My cohort plus the second year cohort who joined us in Portland.

Who Knew?

February 1, 2019

My heart is so full, you guys. I just finished my second “intensive” for my grad school program. We meet each semester in person for several days to start the semester and this one was in my hood, Portland. What a joy to have all my people in town and to share in experiences and learning together. In the process of embracing my 2-ness, I did not pace myself in providing care for my people. I let my soul soak up the joy of hosting and driving and giving myself. I did not judge how far my care was willing to go and I did not hold back. It was fun. And I’m so sad everyone left! My body was ready for care and I have so many things I’m processing from the experience (hence, this writing) but it’s such a cool thing to go through this immersive experience in community. I learn relationally so the cohort structure was the only way I wanted to do grad school, especially if the material was going to be mainly online.

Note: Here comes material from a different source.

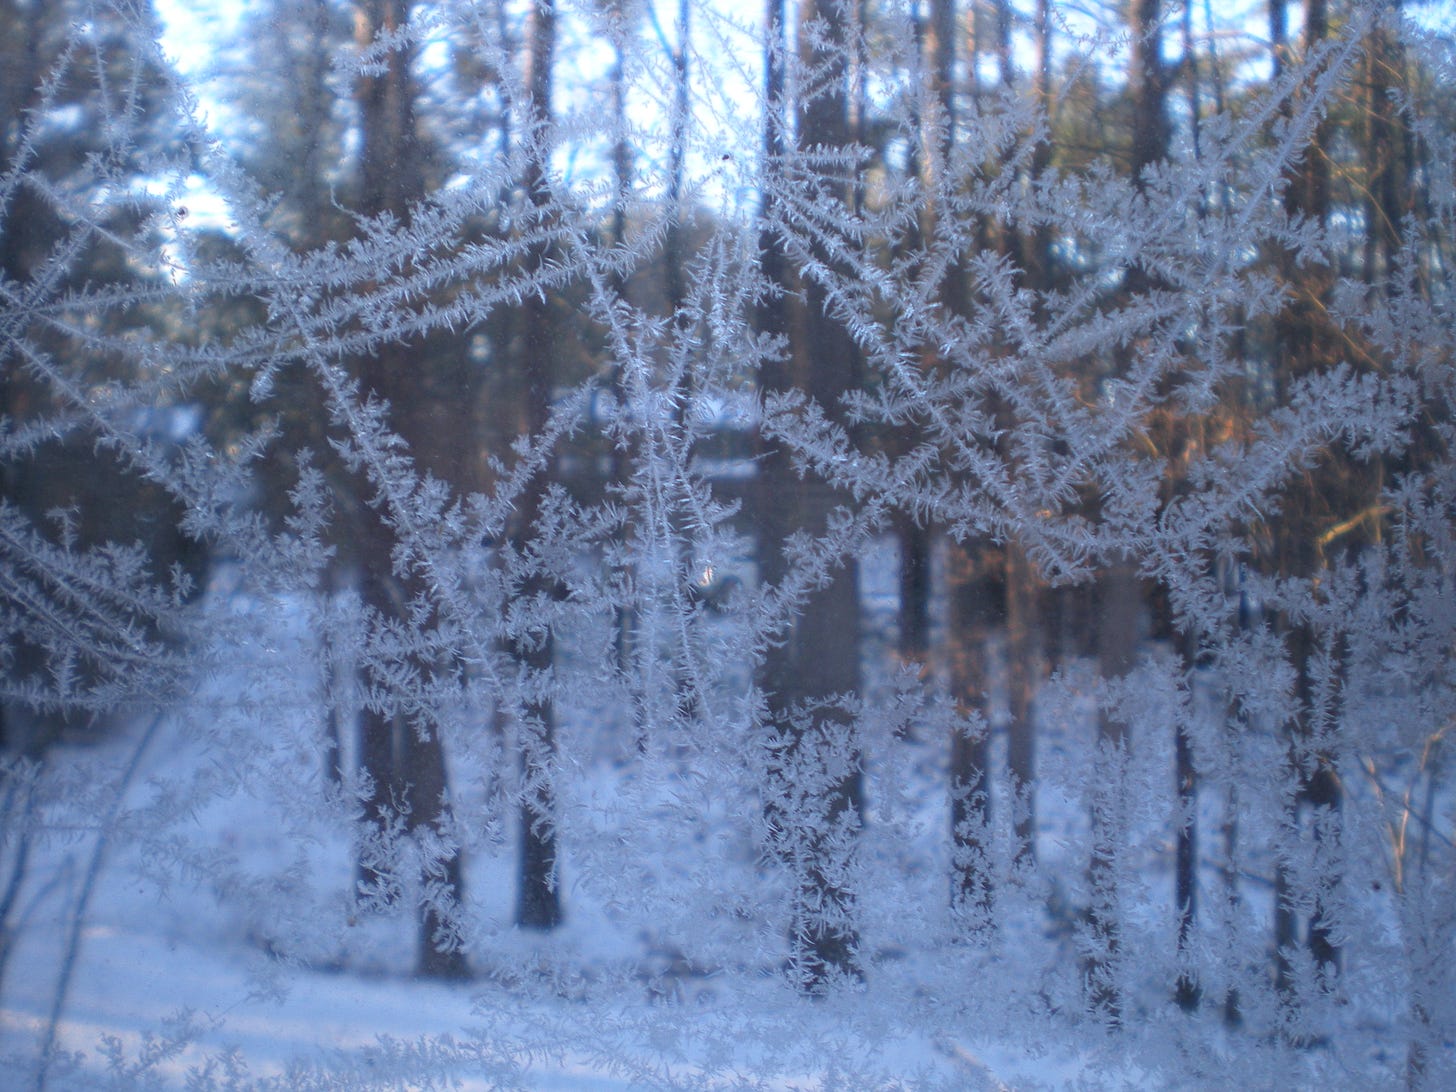 Frost branches across a window looking out on a snowy landscape with tall trees in the foreground.

So many surprising things occurred over our time together but I’ll write today about the biggest one, which is that I went to a local church of Christ and the experience was healing! I was looking forward to going, though bummed I didn’t get to introduce everyone to my church community. I was expecting the fun of going to be about seeing people I love who I only really get to see on social media. That, of course, did happen. But I was not expecting was the onslaught of emotion I experienced throughout the service. I only go to the church of Christ when I visit my parents and it’s my childhood church. It’s by no means safe for me but it’s just not the same as interacting with people in my city with whom I spent many years working alongside. Besides preaching last year, I haven’t attended a local church of Christ in probably 6 years.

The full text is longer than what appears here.